Q: Why did primitive humans abandon the Africa continent?
A: This is a very controversial theory and a highly speculative one. I
believe it is due to a number of factors, such as anatomical features
and the ecological characteristics of the area, but the most important
question is when it happened. The Dmanisi remains prove that there was
at least one wave of migration 1.7 million years ago and that date coincides
with anatomical changes in the human body, as well as palaeoclimatic changes
that took place at the same time. What I mean is that the territory became
more extensive and humans took over new ecological niches. The human body
also seems to have increased spectacularly, along with cranial capacity,
and a bigger brain needs more fuel, which could explain why primitive
man became a carnivore, another factor that facilitated expansion into
other physical spaces.
Q: What were these humans from Dmanisi like?
A: They were about one and a half meters tall and were less developed
than Homo erectus. But more importantly, the lithic tools found at the
same excavation site prove that their technology was very primitive, Oldowayan,
just like African populations. They made simple tools that only required
a few operations - between one and five - to be made, whereas the tools
made using the Acheulian technology of Homo erectus demonstrate a familiarity
with the concept of symmetry and are much more sophisticated and complicated
to produce because they require between 20 and 25 operations.
Q: How did these first European settlers evolve?
A: That's a complicated question. There are many gaps in time between
Dmanisi and Atapuerca, where the most developed human fossils have been
found, but I believe that these lacunae will be filled in by new findings.
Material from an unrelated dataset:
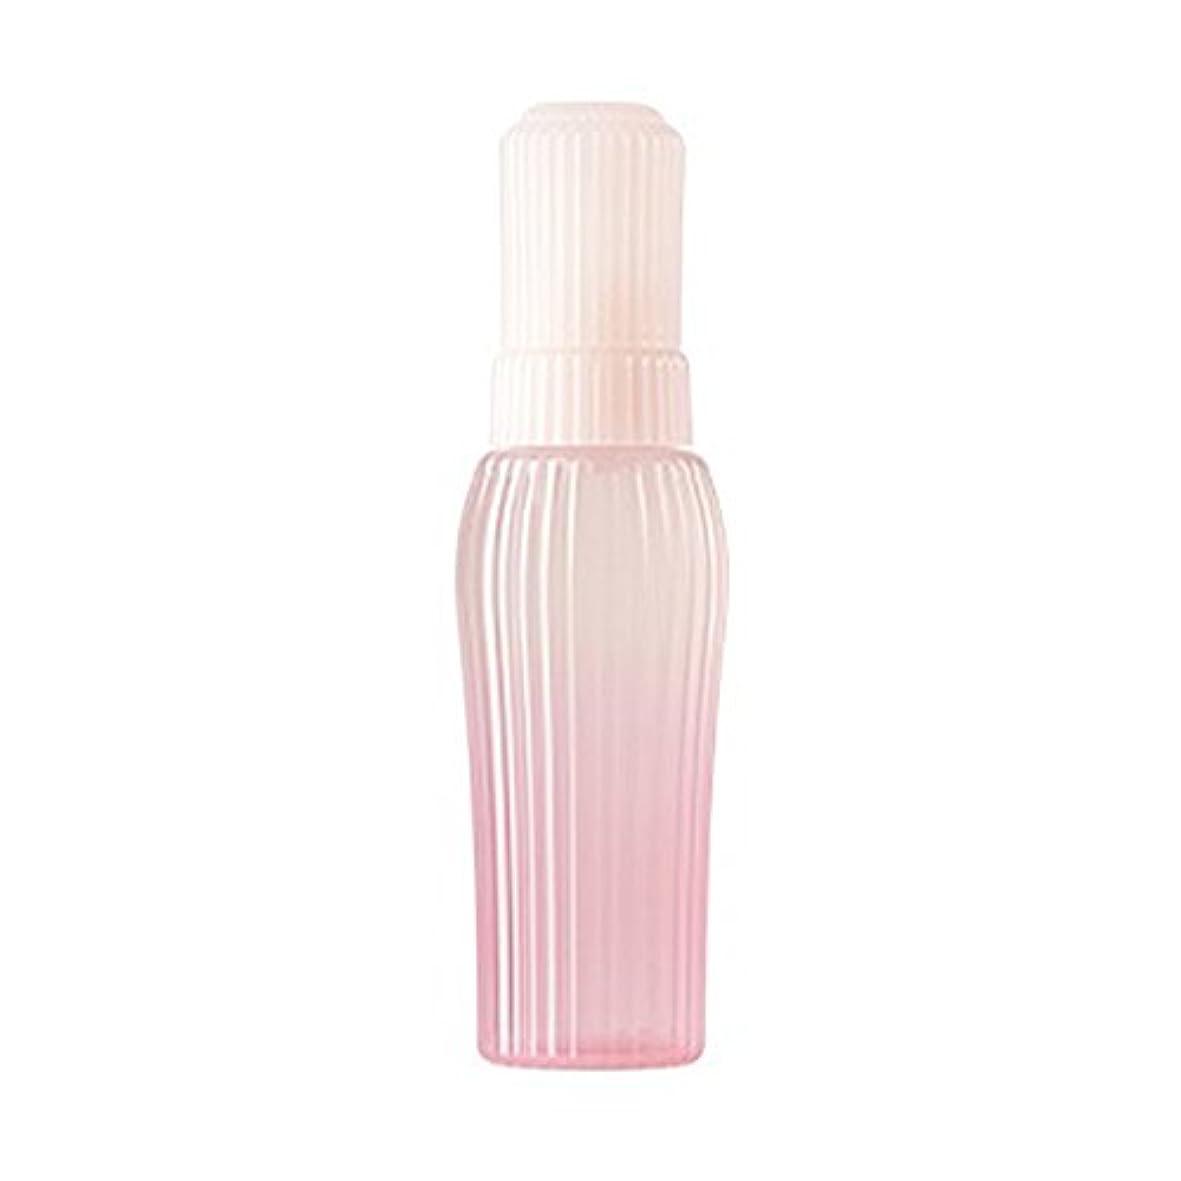 サミット不注意作曲するアユーラ (AYURA) fサインディフェンス スキンエンハンサー (医薬部外品) 130mL 〈敏感肌用 化粧水〉薬用美容水

We can speculate as to whether there were many migrations or local changes,
but what is clear is that there were different waves of migration from
Africa to Europe and back, at least to the Near East. However, we have
very little information and in a way that's good because if we solve all
the problems, we palaeoanthropologists will be out of a job.
Q: Why does it seem that the world of palaeoanthropology has so many
stars and controversies?
A: That is more a question of media hype than reality because in the end
what counts is what is published in specialized journals. What I have
noticed is that human evolution is becoming more popular. Science ranked
the Dmanisi remains the third-most important discovery of the year. Prehistory
is also becoming more and more interdisciplinary. It is becoming a science
in which it is difficult to determine where geology ends and palaeontology
begins, and that's a good thing, especially for young researchers, because
they have the chance to learn much more.